# 315 vs 312



## guyute65045 (Nov 23, 2006)

To those of you who run them(315), is the extra $$ worth it?


----------



## PipeGuy (Oct 8, 2004)

yes. so is the 325.


----------



## guyute65045 (Nov 23, 2006)

:thumbup: would love to have a 325. My 4 year old got one for his toy fleet for Christmas and told me I should sell my smaller one and get one. Haha if it were only as simple as he makes it out.
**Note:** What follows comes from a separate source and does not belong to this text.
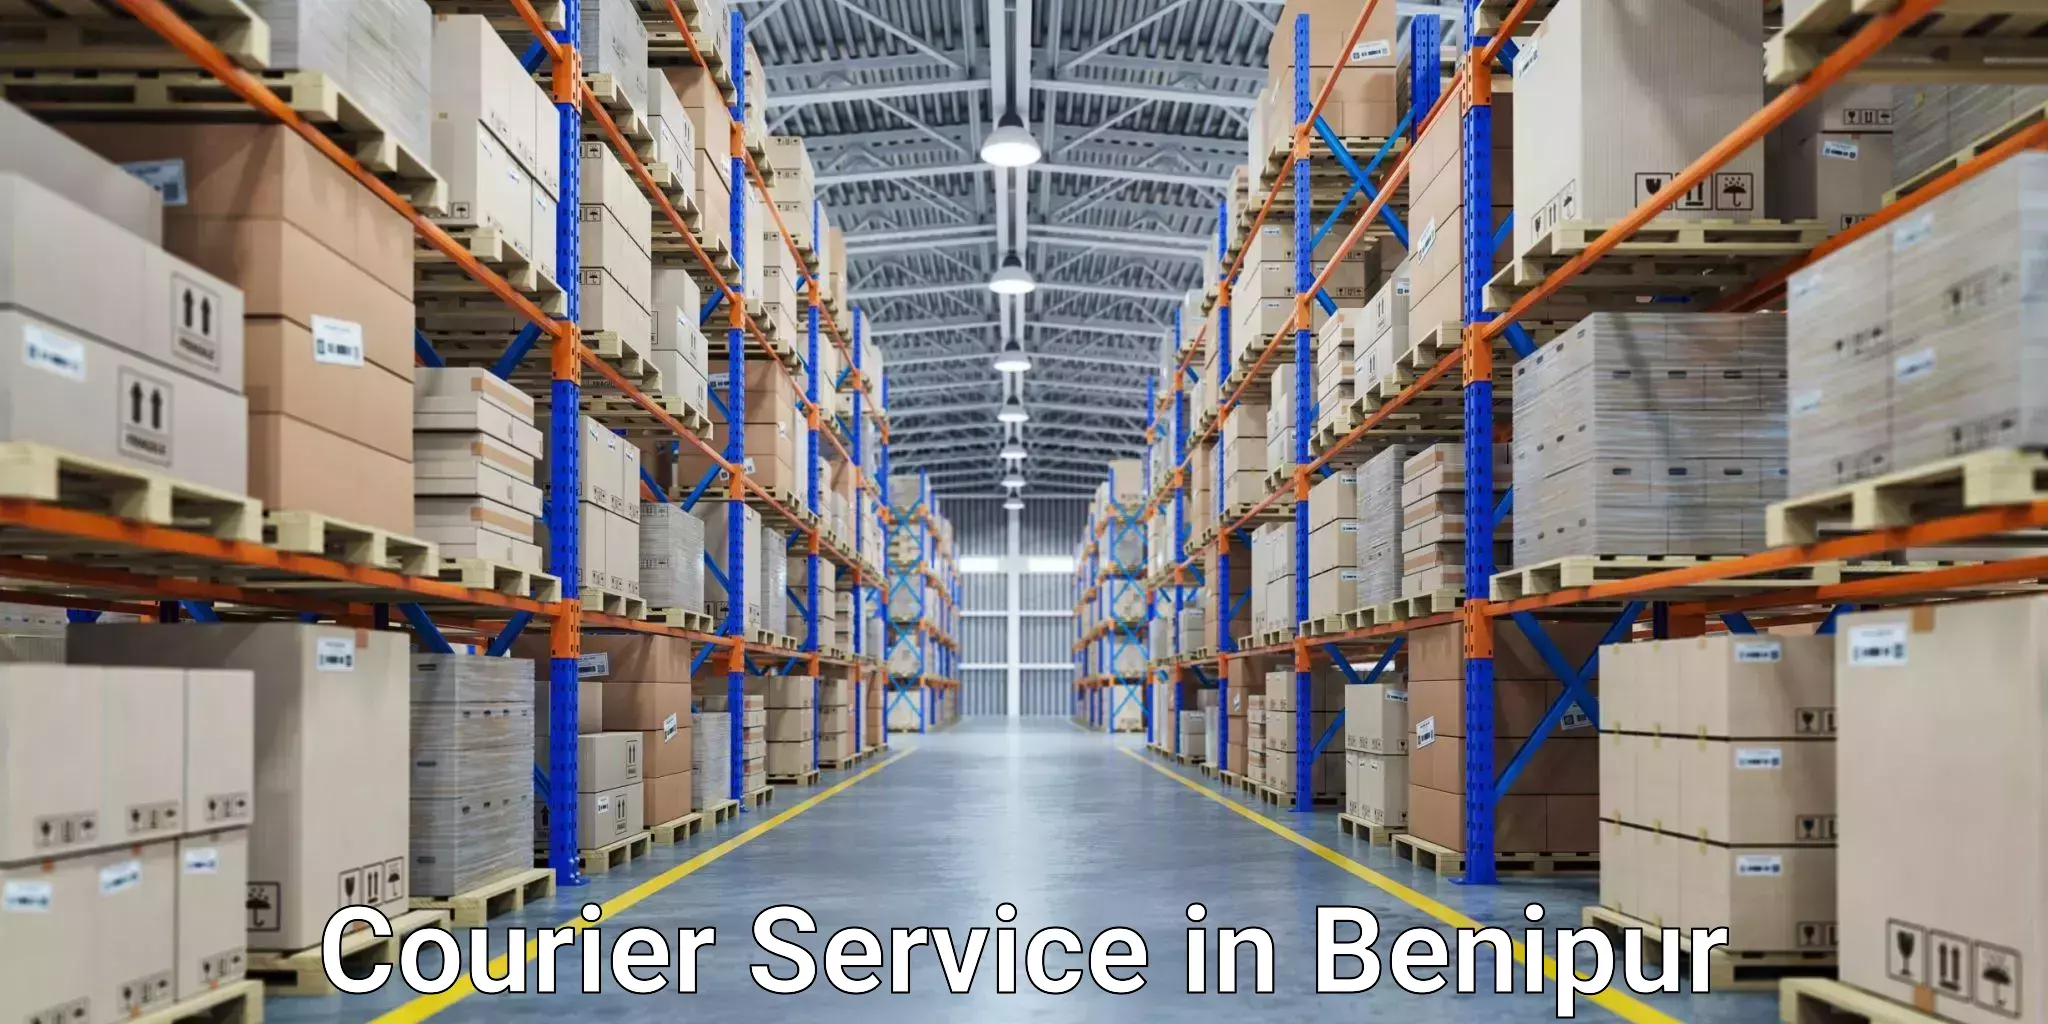 Express package services in Benipur

I am on the fence as to weather or not it will be too big, it pushes the weight and width on the tag.


----------



## rino1494 (Jan 31, 2006)

Depends on what you do. IMO, it is worth the extra money to get a 318.


----------



## Gnella (Jan 16, 2009)

315 all the way!!!!!! We have a 312 and regret not getting the 315. there is a big differene especially if you lift a lot of structures. If you have a larger machine it is a toss up. If this is going to be your bigger machine don't even think about it 315 all the way:thumbsup:


----------



## wheeler (Feb 8, 2009)

depends on what you do.


----------



## Big Chris (Dec 3, 2006)

What is the minimum towing setup you would want to move either machine. I'm guessing tandum dump and 20-25 ton tag. Is it possible to move a 312 with a single axle dump and a 20 ton tag? Or is that pushing it a bit? Just curious I don't have either machine.:whistling


----------



## tgeb (Feb 9, 2006)

Looks like you could handle either with a single and a 20 ton trailer.


From Cat's site: 


> Model	---------------- Operating Weight
> » 311D -----------------27514 lb
> 
> » 312D/312D L---------- 28480 lb
> ...


Not that I would recommend that as an everyday mover. I would definitely go with a larger trailer if the single axle had the HP to pull it, I would not hesitate.


----------



## Big Chris (Dec 3, 2006)

Thanks, Good to know that someday down the road I could move a 120-160 class if I had to on ocassion.


----------